Published: March 2026
Now that I have a Local AI with Ollama I thought it would be helpful to have a way to interact with an AI agent that can handle operational tasks in my Proxmox environment. I built a Proxmox AI agent to handle simple day-to-day tasks like starting, stopping, rebooting my VMs LXC containers, straight from Telegram or Slack. It also monitors the whole cluster in real time and alerts me when something runs hot.

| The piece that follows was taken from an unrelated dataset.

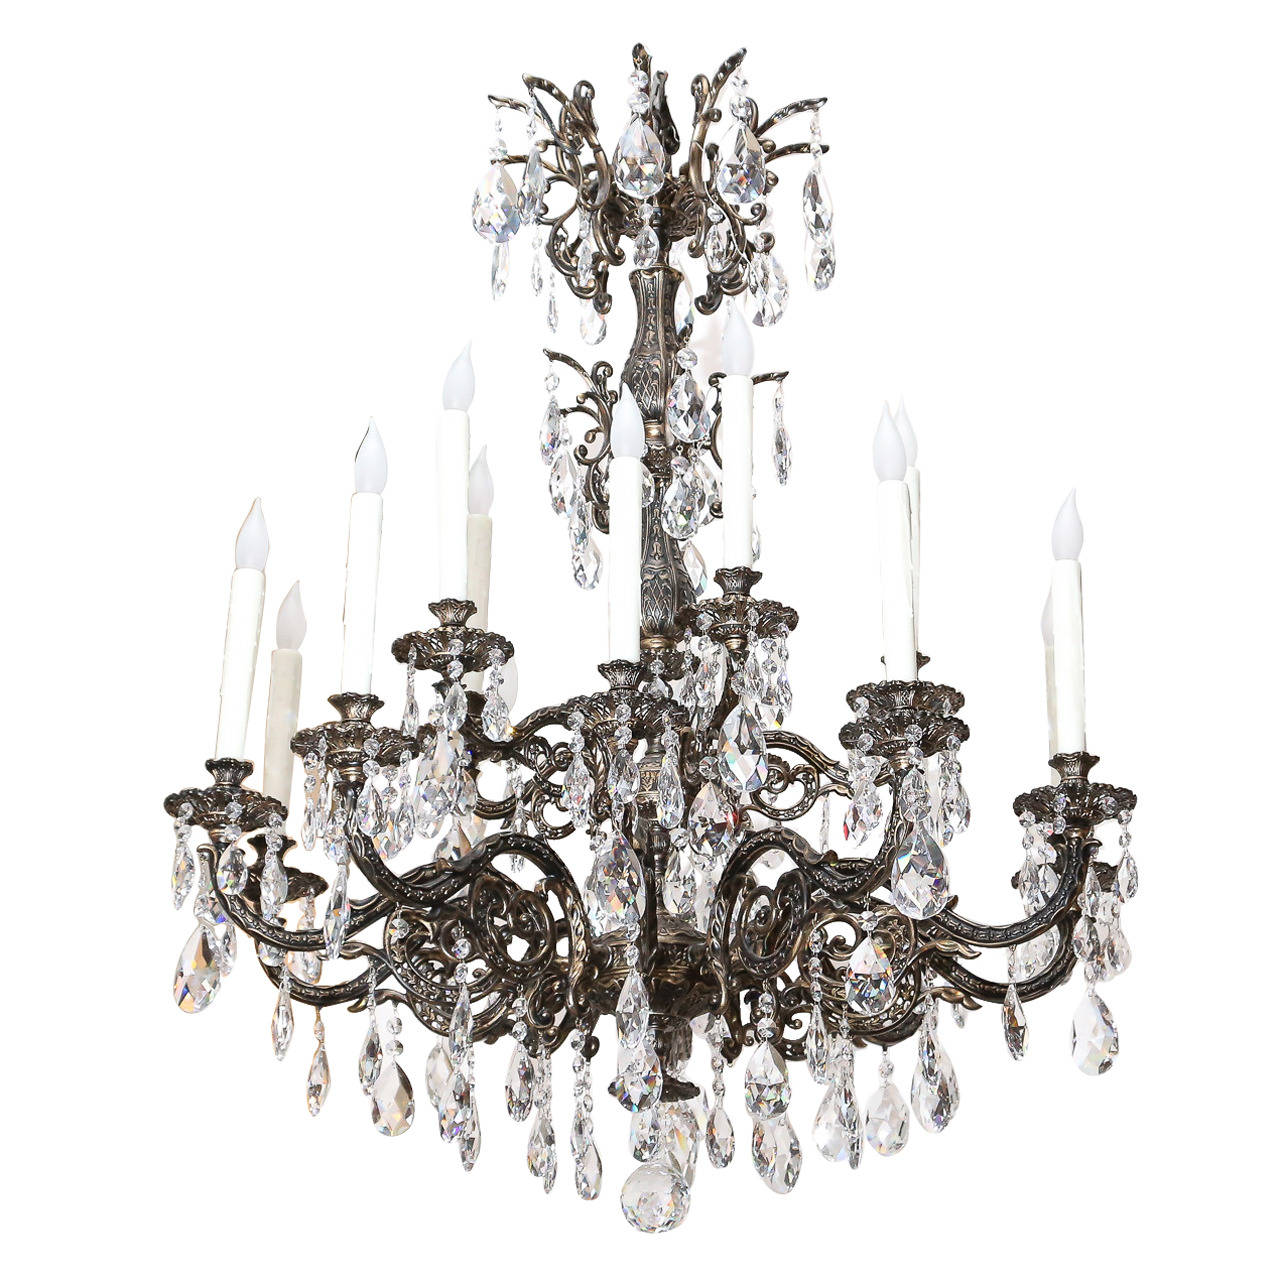 Bronze and Crystal FifteenLight Chandelier at 1stdibs

The code and full setup instructions are in my GitHub repo.
proxmox-ai-agent/ ├── ai_agent.py # agent core: LLM tool-calling loop + Proxmox tools ├── bot_slack.py # Slack frontend (Socket Mode) ├── bot_telegram.py # Telegram frontend ├── monitor.py # standalone resource monitor + alerts ├── memory.md # my cluster layout: names, aliases, VMIDs (not in repo) ├── docker-compose.yml # slack-bot, telegram-bot, monitor, agent-cli services ├── Dockerfile ├── env.example # Proxmox / LLM / bot credentials template └── requirements.txt
The key design point: both backends use the exact same Python script and the same set of API tools - create_vm, start_vm, stop_vm, reboot_vm, reset_vm, list_vms. Whether I point it at my local Qwen model or at OpenAI, only the .env file changes - nothing in the code.
Same agent core, two chat front-ends - I can manage the cluster from my Telegram or Slack channel:
Telegram - private bot, restricted to my user ID
Slack - Socket Mode bot in a team channel
Besides the chat bots, the agent also runs as an interactive CLI - handy for testing new tools or working directly on the box: docker compose run --rm agent-cli
The local backend is the same Ollama stack from my Local AI article, running on 12 GB of VRAM. I tested phi4:14b, qwen3.5:9b, qwen2.5:9b, and qwen2.5-coder:7b - all of them had some trouble following instructions, and I ended up settling on qwen2.5-coder:7b as the most reliable of the bunch.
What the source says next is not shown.